I believe that, in keeping with a “treat patients like people” mantra, people are more likely to engage in activities they find pleasant, or even fun. Healthcare for the most part is unpleasant, but the relatively simple act of taking a daily medication doesn’t need to be.
At HealthPrize we recognize that human psychology is primarily to blame for medication nonadherence, rather than the commonly cited reasons of forgetfulness or cost. Part of this psychology is the negative bias that many of us have toward taking a medication, getting older, being labeled a patient with a condition, or ceding control to a healthcare system we may not fully trust.

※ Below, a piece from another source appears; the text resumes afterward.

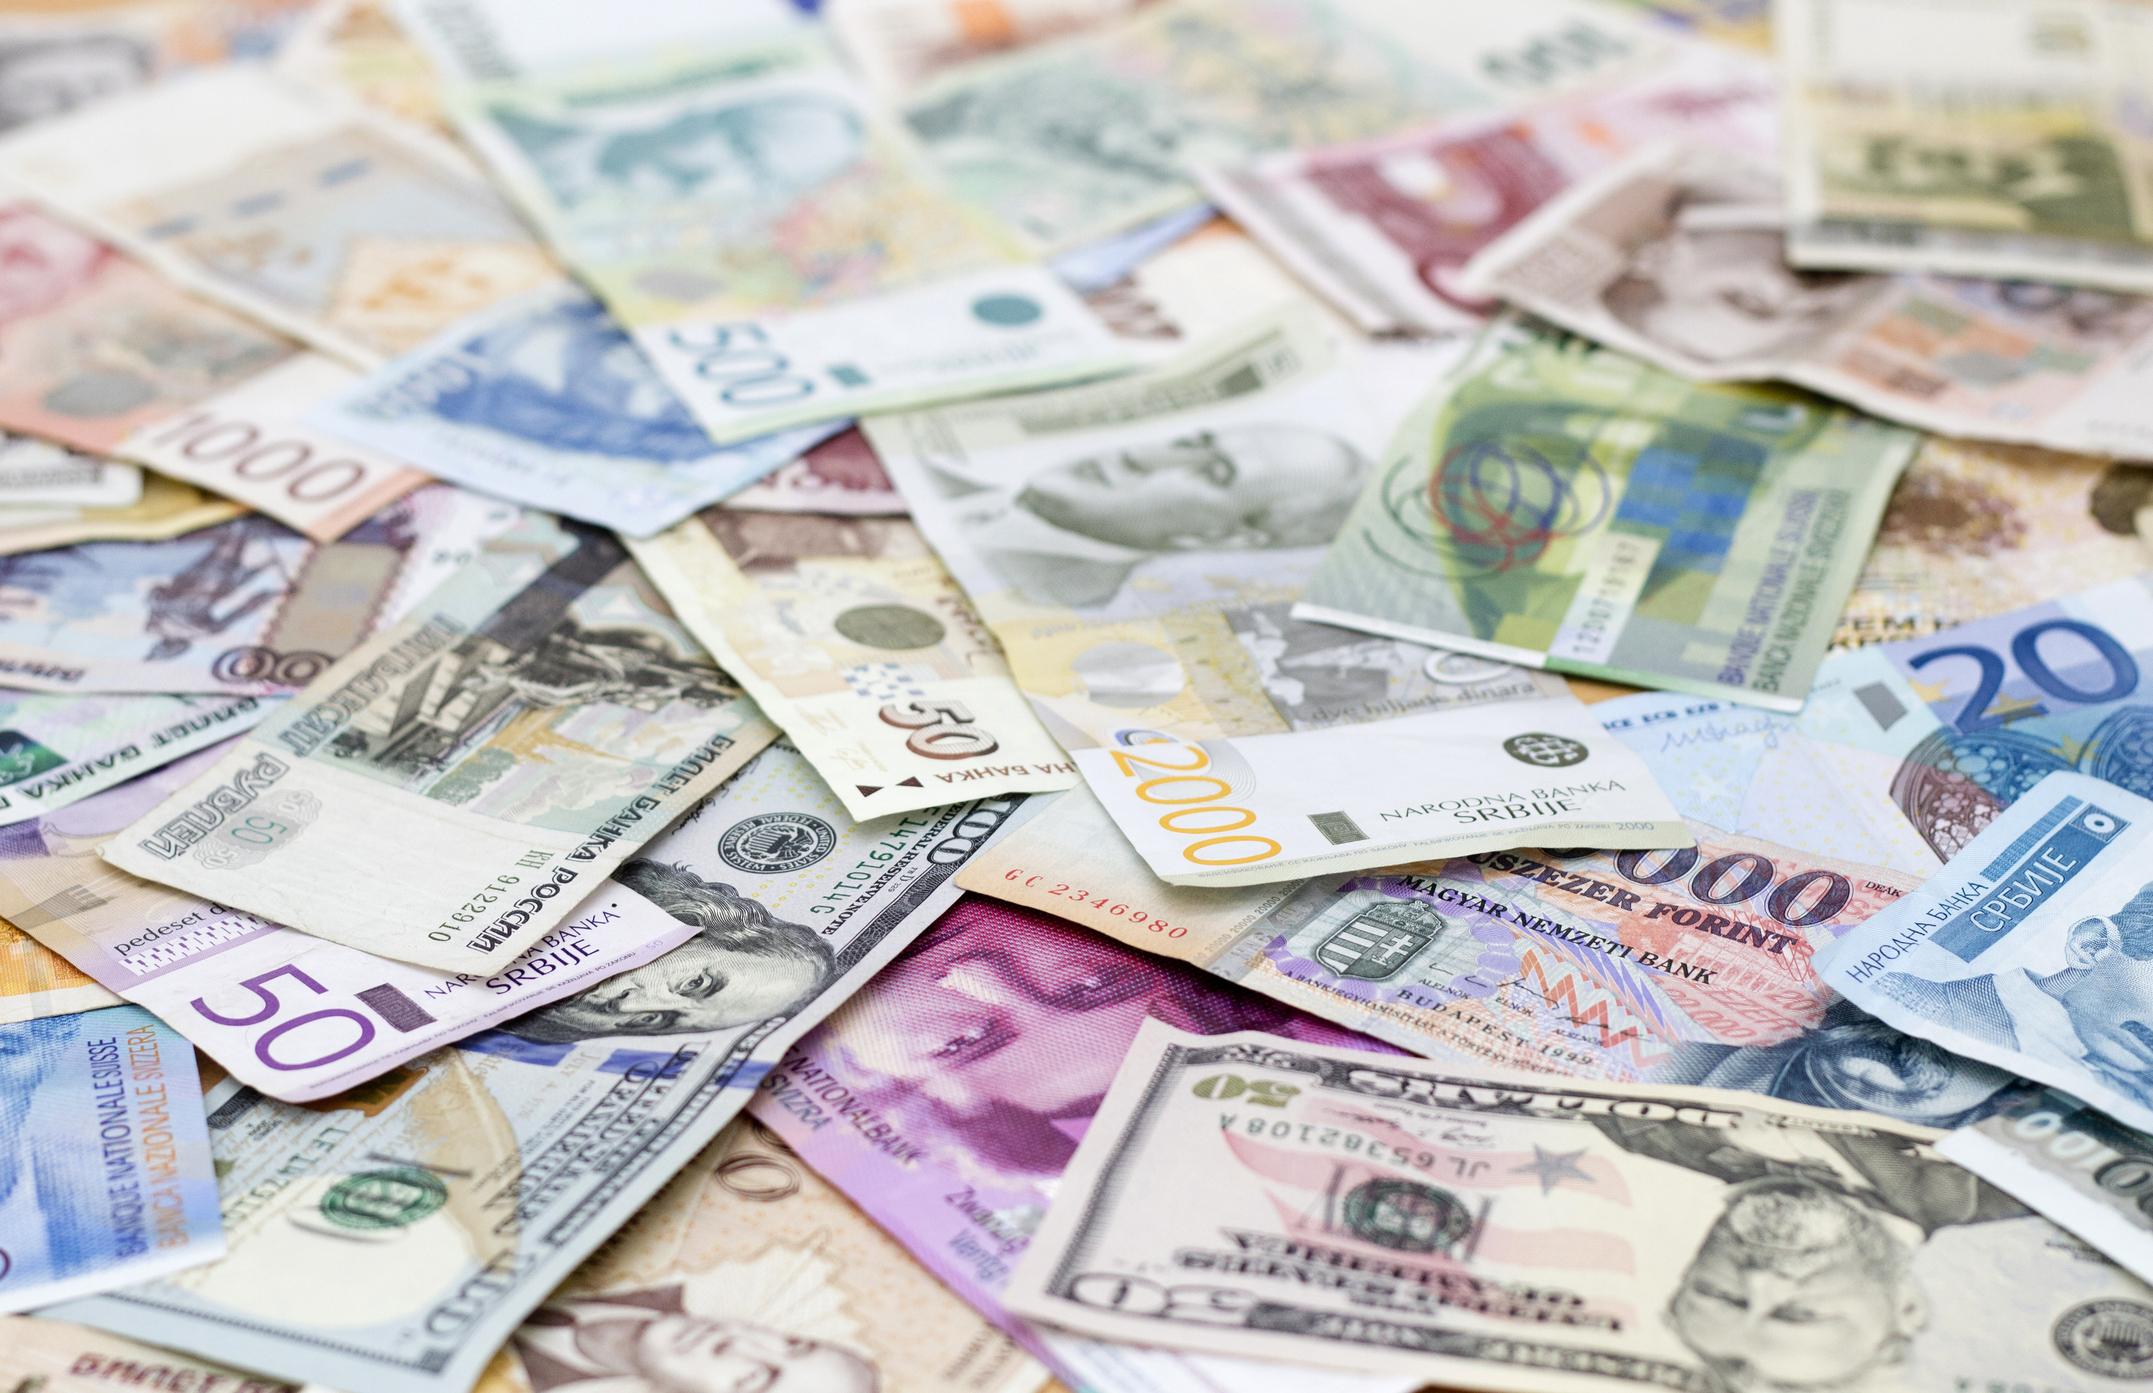 Foreign cash.

In attempting to overcome this bias, the use of fear as a motivator can actually backfire. Instead, at HealthPrize we strive to transform that negative bias into a positive bias via the use of immediate gratification (which most chronic medications lack), gamification to make the process engaging, and education to communicate the value of the treatment plan.
Gamification is not new, of course. We encounter it all the time in consumer experiences to engender loyalty, enjoyment, and frequency of use — think Facebook, LinkedIn, Uber, airline miles programs, and customer cards at our favorite retailers. However, gamification is still relatively new in healthcare.
The idea of using game-like mechanics in the consumer world is now second nature, whereas its use in healthcare still raises an occasional eyebrow, even though it shouldn’t. Our successes at HealthPrize tell us that people with chronic conditions enjoy earning points, checking their leaderboard, and taking quizzes about their condition or treatment (for more points).
And, in contrast to their interactions with doctors, people interact with HealthPrize multiple times per week, for an average of 60 minutes a month. That allows for the repetition of important messages, giving them time to actually sink in.
Early on in the development of HealthPrize, we sought feedback from participants in an effort to troubleshoot bugs and enhance the user experience. I recall receiving feedback from one woman in particular that helped to convince me that our fun and games approach may be more compelling than my former fear-based tactics.
This woman informed us that she needed to spend a couple days in the hospital to undergo a procedure. She had made it to the top of the HealthPrize leaderboard by checking-in every day, completing every weekly quiz, and opening every Daily Tip (our short-form medical education and fun trivia). She was not worried too much about the procedure. What mattered more to her was slipping from her position on the leaderboard.